In the instant case, Lundy's sentence was within the statutory limits when he committed the crime. Okla. Stat. tit. 63, § 2-401(B)(1) (2012). Normally, this would end the analysis. But Lundy also reasserts his retroactivity argument, asking this Court to declare his sentence excessive because of recent changes in Okla. Stat. tit. 63, § 2-401(B)(1) modifying the maximum sentence from life to 20 years. By reasserting his retroactivity argument in this habeas action, Lundy is essentially asking this Court to redetermine an issue of state law previously decided by the OCCA.
This the Court cannot do. Estelle v. McGuire, 502 U.S. 62, 68 (1991) (“[I]t is not the province of a federal habeas court to reexamine state-court determinations on state-law questions.”); House v. Hatch, 527 F.3d 1010, 1029 (10th Cir. 2008) (“A state court's interpretation of its own law is binding on a federal court conducting habeas review.”). Even assuming the OCCA misapplied state law when it declined to give retroactive effect to the state laws at issue, “that error can't serve as a basis for habeas relief' because “§ 2254 doesn't allow federal courts to grant relief for a violation of state law.” Dodd v. McCollum, 715 Fed.Appx. 844, 847 (10th Cir. 2017) (unpublished) see also Arnett v. Janis, No. CIV-20-432-J, 2020 WL 2873496, at *2 (W.D. Okla. May 15, 2020) (unpublished) (concluding that the proper application of Oklahoma House Bill 1269 was an issue of state law), report and recommendation adopted by, 2020 WL 2892222 (W.D. Okla. June 2, 2020) (unpublished).

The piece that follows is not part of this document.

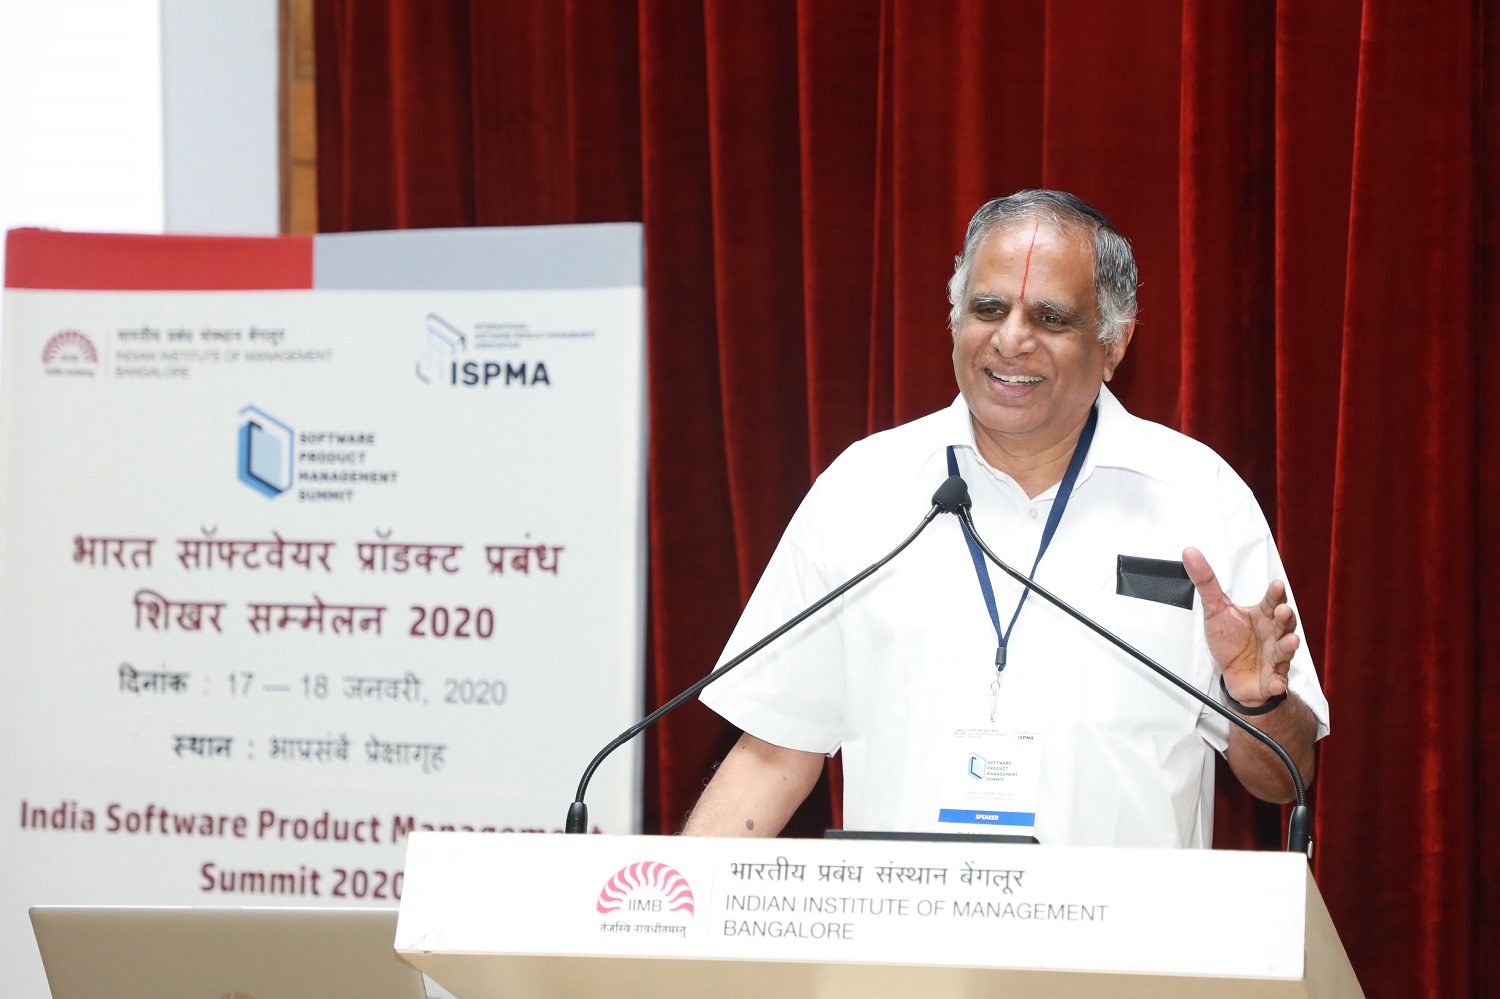 Prof. S Sadagopan, Director at IIIT Bangalore, takes the audience through the journey of evolution of software products in India over the last four decades, at the India Software Product Management Summit 2020 (ISPMS 2020), being held at IIMB on January 17–18, 2020.

Because the sentence imposed was within the statutory limits when Lundy committed his crime and because questions of § 2-401(B)(1)'s retroactivity are solely issues of state law, this claim is beyond the purview of this Court. The Court therefore denies the petition as to claim three. !
IV. CERTIFICATE OF APPEALABILITY
Rule 11, Rules Governing Section 2254 Cases in the United States District Courts, requires “[t]he district court [to] . . . issue or deny a certificate of appealability when it enters a final order adverse to the applicant.” A certificate may only issue “if the applicant has made a substantial showing of the denial of a constitutional right.” 28 U.S.C. § 2253(c)(2). When the district court rejects the merits of petitioner's constitutional claims, the petitioner must make this showing by “demonstrating] that reasonable jurists would find the district court's assessment of the constitutional claims debatable or wrong.” Slack v. McDaniel, 529 U.S. 473, 484 (2000). Because
Lundy has not made the requisite showing on any of his claims to be entitled to a certificate of appealability, the Court denies a certificate of appealability.
ACCORDINGLY, IT IS HEREBY ORDERED that:
1. The Petition for Writ of Habeas Corpus (Dkt. 1) is denied. 2. A certificate of appealability is denied. 3. A separate judgment shall be entered in this matter.